Conservative print/online magazine Human Events ran a positive review by Jedediah Bila. Bila wrote that the "overall tone of the text is analytical. Like any practical businessman, Romney loves his data." She highlighted Romney's ideas on energy development, healthcare reform, education reform, and expanding U.S. 'soft power' as well as 'hard power'. She concluded, "All in all, Romney's book provides a well-organized display of his stand on key issues."

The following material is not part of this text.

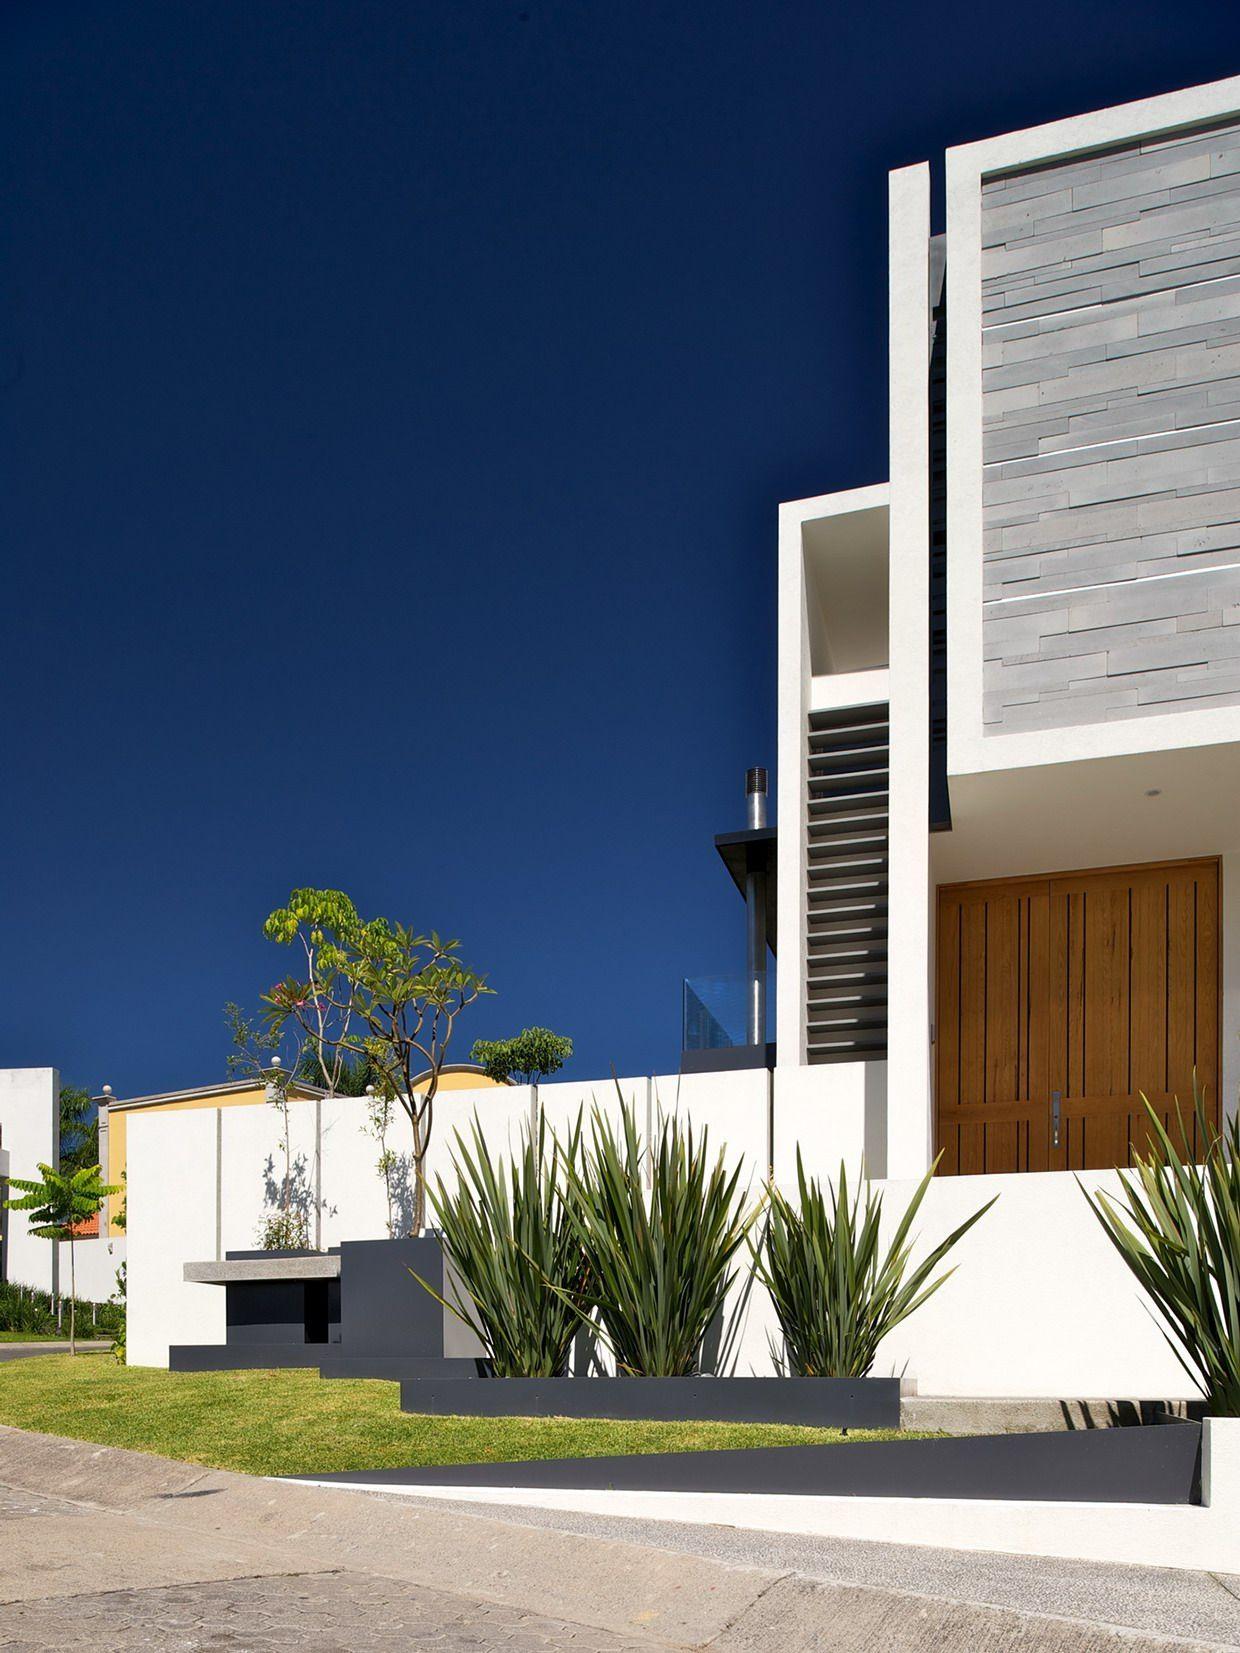 Single family house guadalajara méxico
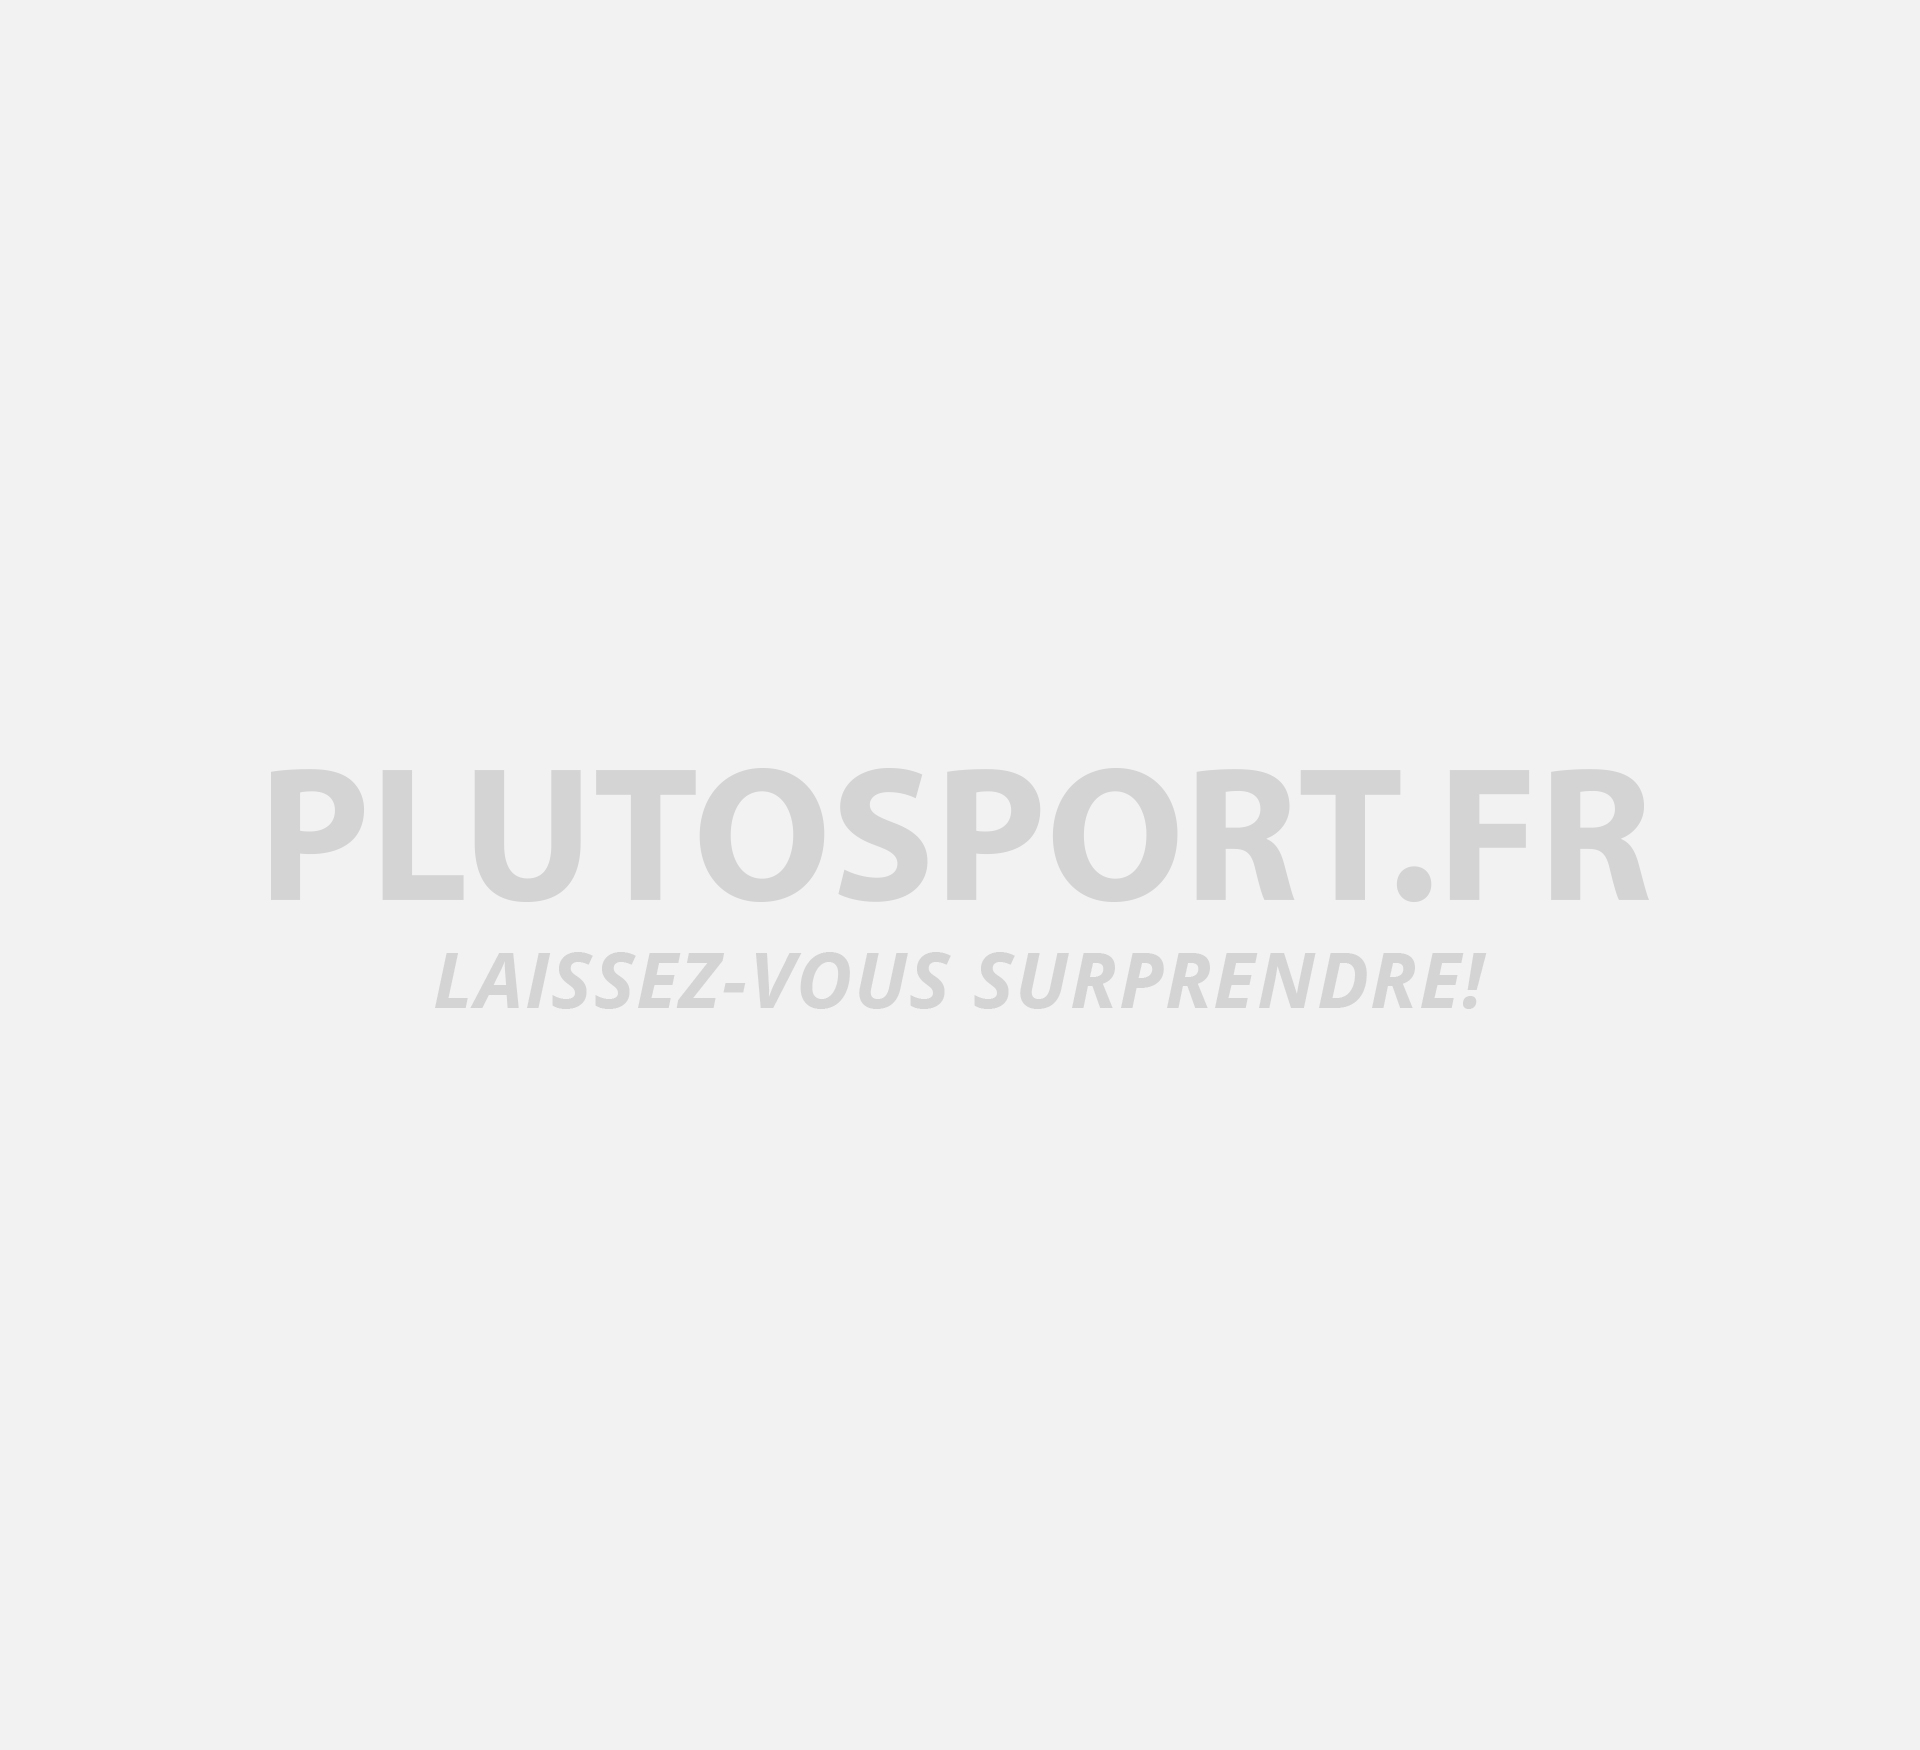 Manteau de voile Helly Hansen Pier 3.0 pour hommes

Three nonpartisan fact-checking outlets starkly disputed Romney's titular claim that Obama had ever staged an "apology tour".

==Paperback edition==
The softcover edition of the book came out in February 2011, when Romney was nearing the June 2011 formal announcement of his 2012 presidential campaign. Now with a different subtitle, No Apology: Believe in America featured a new introduction that explicitly focused on themes of the Tea Party movement such as freedom and devotion to the U.S. Constitution. While much of the book's text remained unchanged from the hardcover edition, material on the 2009 stimulus package was rewritten to be more negative about the act's effects and material about what Romney saw as the differences between "Romneycare" and "Obamacare" was recast to add defenses of the former and be more aggressively opposed to the latter. According to PolitiFact.com, Romney engaged in "some strategic editing" by removing "a defense of state-level choice − not a pitch for a mandatory national approach."

Romney staged a two-day media tour to promote the new edition, appearing on shows such as The View, Good Morning America, Piers Morgan Tonight, and the Late Show with David Letterman.